Лягушки
Шрифт:
Ковригин сидеть у компьютера не смог. Встал. Вышел на крыльцо. Закурил.
Надо было выйти в лес. Пусть ненадолго, пусть и недалеко. Лес для Ковригина был сейчас, пожалуй, важнее лечебных прикосновений сестры Антонины.
Естественно, лес изменился. Вслед за тополями решительно пожелтели березы, раскраснелись клёны, в саду напротив Ковригинского осыпались яблони, и даже на улицах поселка, устланных желтым, рыжим и зелёным, приходилось наступать на притянутые тяжестью Земли плоды, всё больше с красными боками, антоновка в посёлке будто вывелась.
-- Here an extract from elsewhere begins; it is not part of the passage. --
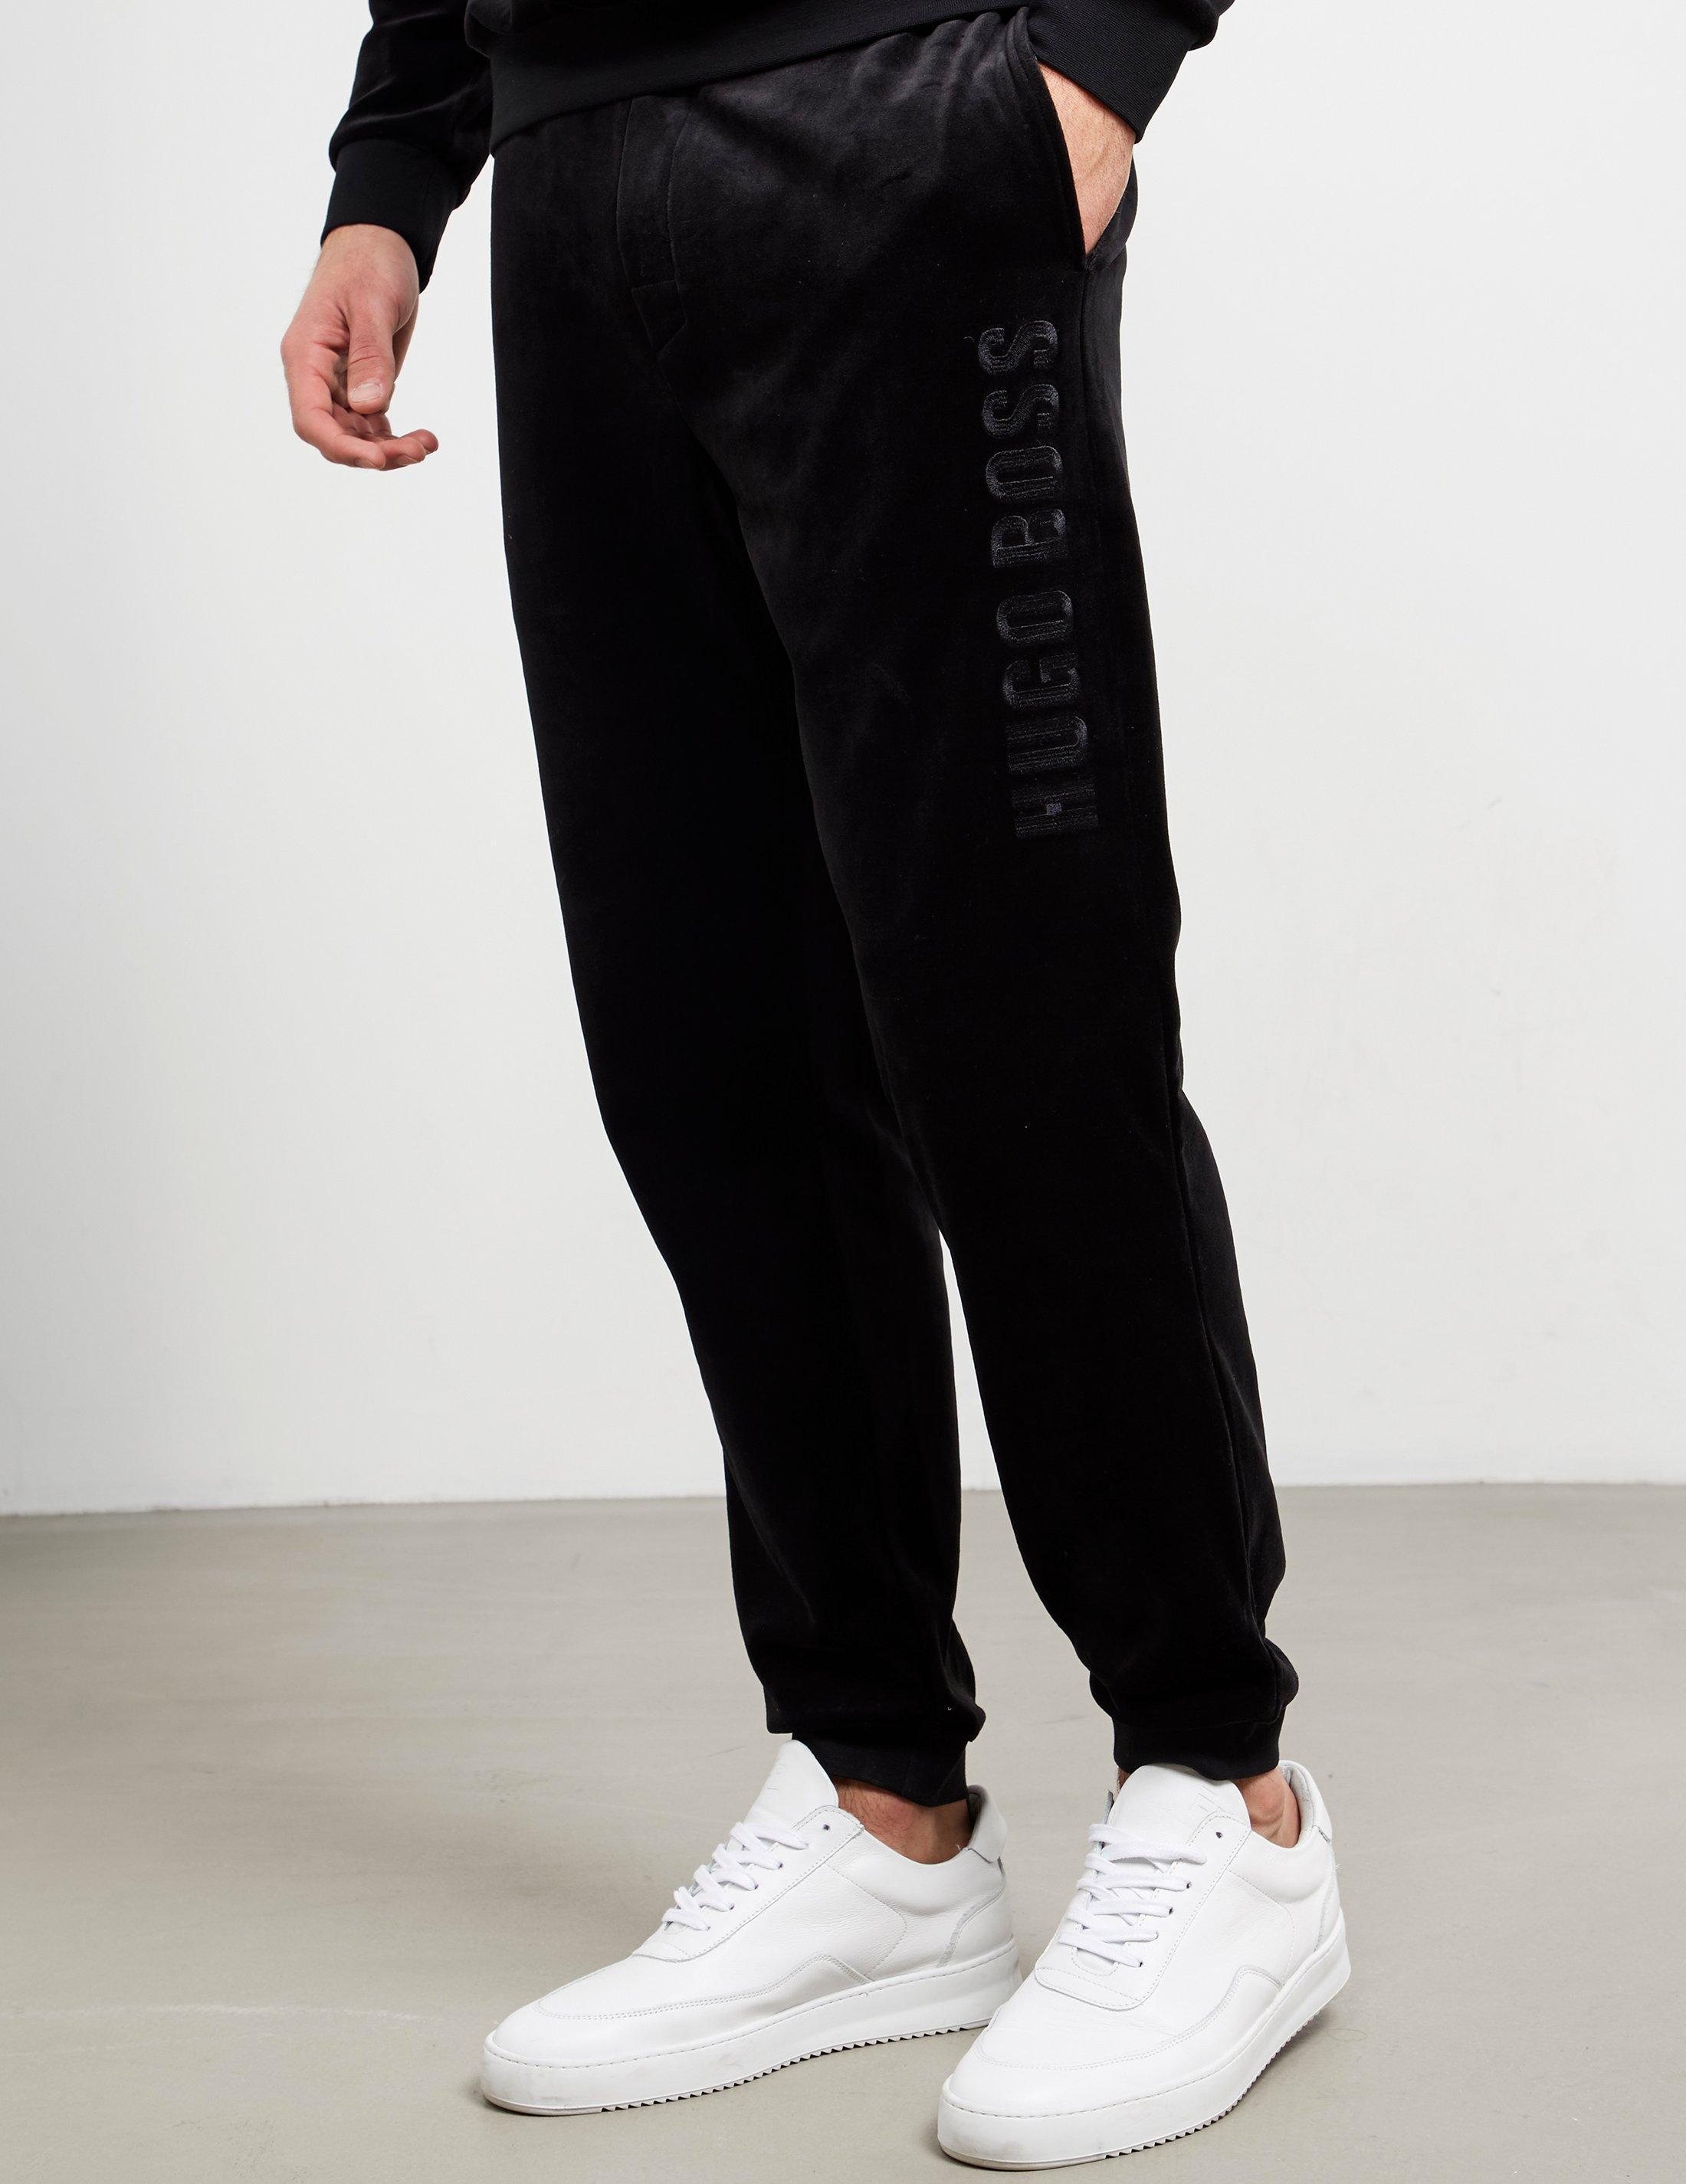 Hugo Boss Men/'s Velour Cuffed Hem Pants

В лес, а сначала — в приколодезную рощу, Ковригин вышел с мыслями вовсе невнятными. А никакие мысли ему вообще сейчас не были нужны. Но вскоре они возобновились и стали слоиться. То он думал о вещах бытовых. То бытовые необходимости существования сцеплялись с грёзами его натуры, требующей высоких предназначений. Кто он, Ковригин? Но так уж важно было
Сейчас же мысли о Рубенсе были отброшены, и в Ковригине ожила Марина Мнишек. То есть не совсем так. Просто Ковригин вспомнил, что в год знакомства (после ухищрений) Рубенса с герцогом Лермой и испанским королевским двором состоялась знаменитая сцена у фонтана (если, конечно, в Самборе был фонтан) и объявлена помолвка пятнадцатилетней девицы Марины и московского царевича. Вряд ли при этом ловчила Марина, ловчили её хитроумный папаша пан Мнишек и неопознанного происхождения Самозванец. «Ну и что?» — спросил себя Ковригин. А ничего! События (Рубенс — Рим, — Марина — Самбор) никак не были связаны друг с другом. Если только расположились рядом в хронологическом движении человечества…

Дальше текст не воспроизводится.